It takes its values in ${[0,1]}$ and ${1}$ is achieved when ${\mu}$ and ${\nu}$ have disjoint supports.

Theorem 1 (Alternative expressions) For every ${\mu,\nu\in\mathcal{P}}$ we have

$d_{TV}(\mu,\nu) =\frac{1}{2}\sup_{f:E\rightarrow[-1,1]}\left|\int\!f\,d\mu-\int\!f\,d\nu\right| =\frac{1}{2}\sum_{x\in E}|\mu(x)-\nu(x)|$

Moreover, the supremum in the original definition of ${d_{TV}}$ is achieved for the set

$A_*=\{x\in E:\mu(x)\geq\nu(x)\}$

while the supremum in the functional expression of ${d_{TV}}$ is achieved for

$f=\mathbf{1}_{A_*}-\mathbf{1}_{A_*^c}.$

Proof: The second equality follows from the inequality

$\left|\int\!f\,d\mu-\int\!f\,d\nu\right| \leq \sum_{x\in E}|f(x)||\mu(x)-\nu(x)| \leq \sup_{x\in E}|f(x)|\sum_{x\in E}|\mu(x)-\nu(x)|$

which is saturated for ${f=\mathbf{1}_{A_*}-\mathbf{1}_{A_*^c}}$. For the first equality, we write

$|\mu(A)-\nu(A)| =\frac{1}{2}\left|\int\!f_A\,d\mu-\int\,f_A\,d\nu\right|$

where ${f=\mathbf{1}_A-\mathbf{1}_{A^c}}$, which gives

$|\mu(A)-\nu(A)| \leq \sup_{f:E\rightarrow[-1,1]}\left|\int\!f\,d\mu-\int\!f\,d\nu\right| = \frac{1}{2}\sum_{x\in E}|\mu(x)-\nu(x)|$

which is saturated for ${A=A_*}$ since

$2|\mu(A_*)-\nu(A_*)|=\sum_{x\in A_*}|\mu(x)-\nu(x)|+\sum_{x\in A_*^c}|\mu(x)-\nu(x)|.$

$\Box$

Theorem 2 (Equivalent criteria for convergence in law) Let ${(X_n)_{n\in\mathbb{N}}}$ be a sequence of random variables on ${E}$ and let ${\mu_n}$ be the law of ${X_n}$. For any ${\mu}$ in ${\mathcal{P}}$, the following properties are equivalent:

1. ${(X_n)_{n\in\mathbb{N}}}$ converges in law to ${\mu}$
2. ${\lim_{n\rightarrow\infty}\int\!f\,d\mu_n=\int\!f\,d\mu}$ for all bounded ${f:E\rightarrow\mathbb{R}}$
3. ${\lim_{n\rightarrow\infty}\mu_n(x)=\mu(x)}$ for all ${x\in E}$
4. ${\lim_{n\rightarrow\infty}d_{TV}(\mu_n,\mu)=0}$

Proof: To deduce 1. from 4. it suffices to use the functional variational expression of ${d_{TV}}$. The properties 1. and 2. are equivalent since every ${f:E\rightarrow\mathbb{R}}$ is continuous for the discrete topology.
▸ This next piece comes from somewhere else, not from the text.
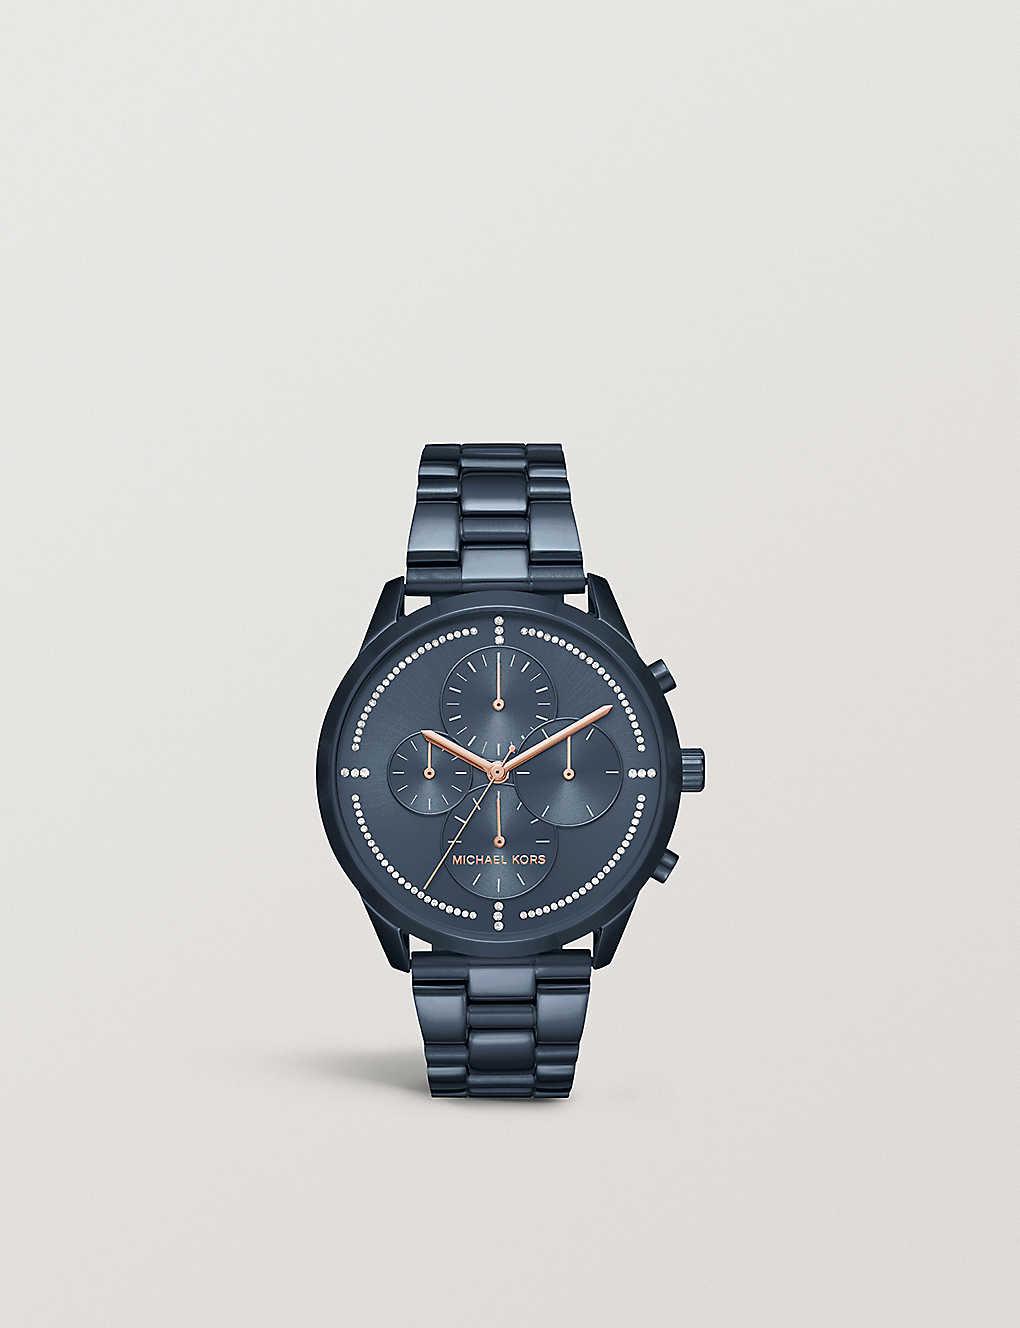 e8eca1cc799b MICHAEL KORS - MK6522 Slater blue stainless steel bracelet chronograph watch

To deduce 3. from 2. one can take ${f=\mathbf{1}_{\{x\}}}$. To deduce 4. from 3. we start by observing that for an arbitrary ${A\subset E}$,

$\sum_{x\in E}|\mu_n(x)-\mu(x)| =\sum_{x\in A}|\mu_n(x)-\mu(x)| +\sum_{x\in A^c}|\mu_n(x)-\mu(x)|.$

Thanks to 3. for every ${\varepsilon’>0}$ there exists an integer ${N=N(A,\varepsilon’)}$ such that the first term of the right hand side is bounded above by ${\mathrm{card}(A)\varepsilon’}$ for all ${n\geq N}$. For the second term of the right hand side, we write

$\sum_{x\in A^c}|\mu_n(x)-\mu(x)| \leq \sum_{x\in A^c}\mu_n(x)+\sum_{x\in A^c}\mu(x).$

Since we have

$\sum_{x\in A^c}\mu_n(x) =\sum_{x\in A}\mu(x)-\sum_{x\in A}\mu_n(x)+\sum_{x\in A^c}\mu(x)$

we obtain

$\sum_{x\in A^c}|\mu_n(x)-\mu(x)| \leq \sum_{x\in A}|\mu_n(x)-\mu(x)|+2\sum_{x\in A^c}\mu(x).$

Since ${\nu\in\mathcal{P}}$, for any ${\varepsilon”>0}$, we can select ${A}$ finite such that ${\mu(A^c)\leq\varepsilon”}$.$\Box$

Theorem 3 (Yet another expression and the extremal case) For every ${\mu,\nu\in\mathcal{P}}$ we have

$d_{TV}(\mu,\nu)=1-\sum_{x\in E}(\mu(x)\wedge\nu(x)).$

In particular, ${d_{TV}(\mu,\nu)=1}$ if and only if ${\mu}$ and ${\nu}$ have disjoint supports.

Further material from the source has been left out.